Сами Шатровы ютились, приезжая в город вместе с Володей и Сережей, в доме на Троицкой улице, где у Арсения Тихоновича была контора и где жил городской управляющий, ведавший сдачею муки и масла.
Солдаты, попадавшие в ее госпиталь из других, даже из петроградских, говаривали в простоте душевной:
— Ох, и добро, землячки, у этой Шатрихи! Прямо — синатория. А там ни протянуться, ни души испустить! И что господам офицерам, то и нам, нижним чинам!
— Одно и то же: ни в одеже, ни в пишше никакого различия не велит делать, ни в лекарствах!
— Ее и начальство здешнее боится. Что хочет — то творит.

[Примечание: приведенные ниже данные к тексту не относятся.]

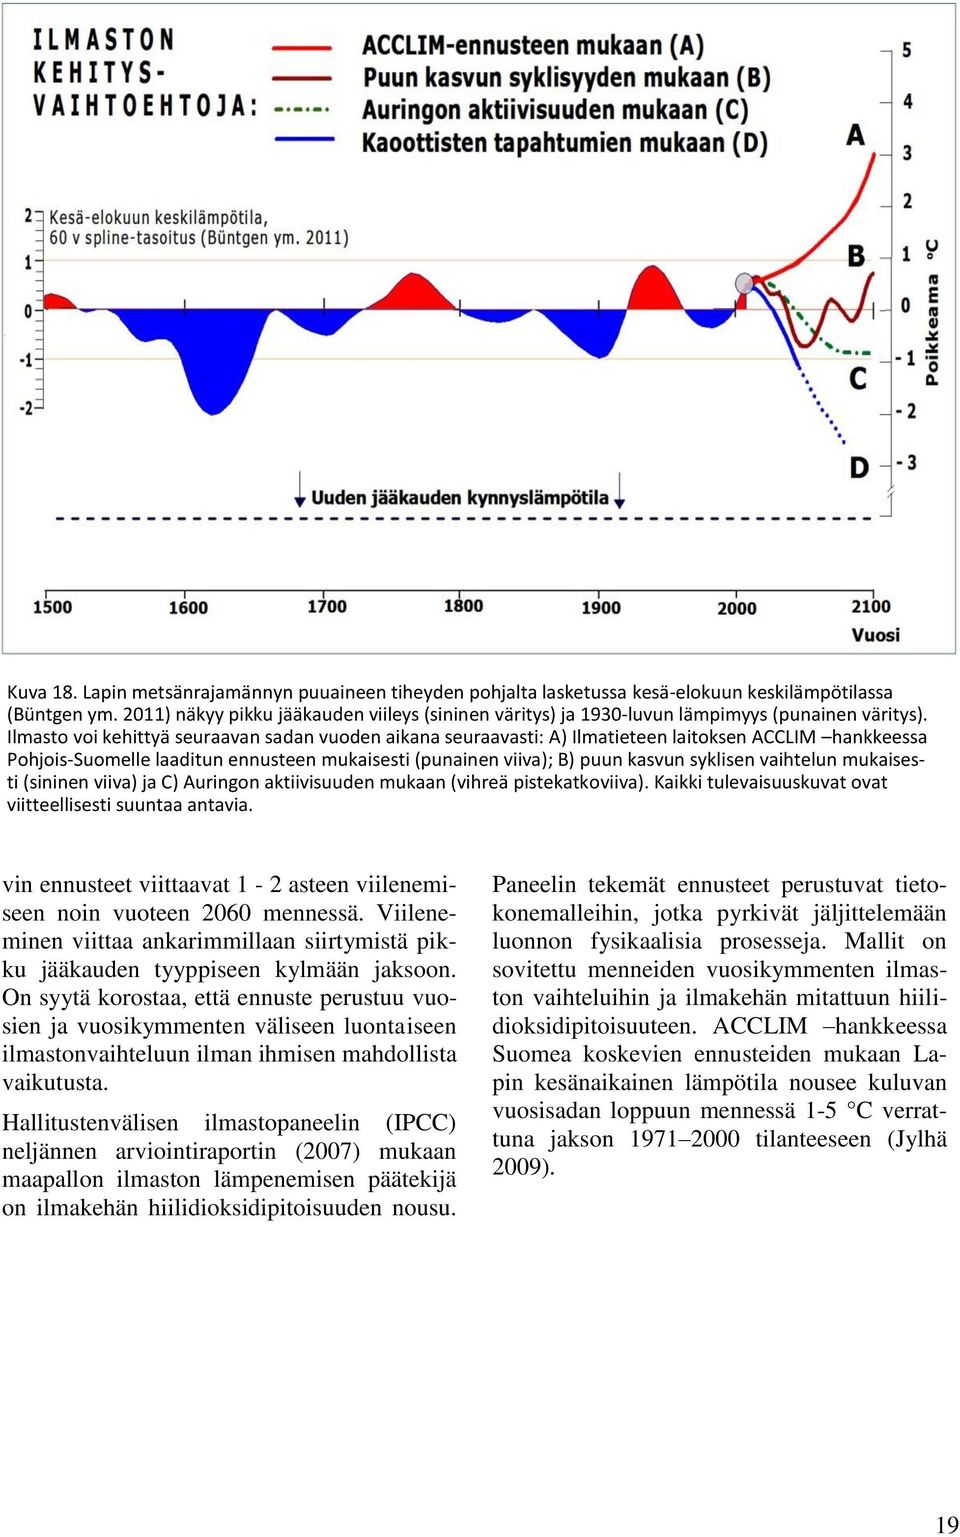 Ilmasto voi kehittyä seuraavan sadan vuoden aikana seuraavasti: A) Ilmatieteen laitoksen ACCLIM hankkeessa Pohjois-Suomelle laaditun ennusteen mukaisesti (punainen viiva); B) puun kasvun syklisen

— Ну ишшо бы: муж-то у ее какими капиталами ворочат! Его, говорят, и сам государь-император знат!
— Ну, вот!
— Нет, не говорите: и от самой много зависит!
И начались рассказы, как и кого она принимала из солдат в своем кабинете и что кому сказала:
— Извеличала и посадила меня!
— При ней ни один доктор, хоть в каком он чине, не смеет на нашего брата крикнуть-притопнуть!
— Сын-то, видать, в нее пошел, доктор-то Шатров, который психических лечит…
— Тоже обходительный. А как посмотрит на тебя, возьмет за руку пульс проверить, аж мурашки пойдут по волосам: ну, думаешь, этот сквозь жернов видит!
— Молодой совсем, а, видно, в докторском своем деле сильно понимает: кажно воскресенье его из деревни сюда привозят: для совету!
— Молод, да, видно, стары книги читал!
Старый рыжебородый солдат с забинтованной головой таинственно-назидательно поправил:
— Докторско понимат, это само сабой, как без этого? А он знат!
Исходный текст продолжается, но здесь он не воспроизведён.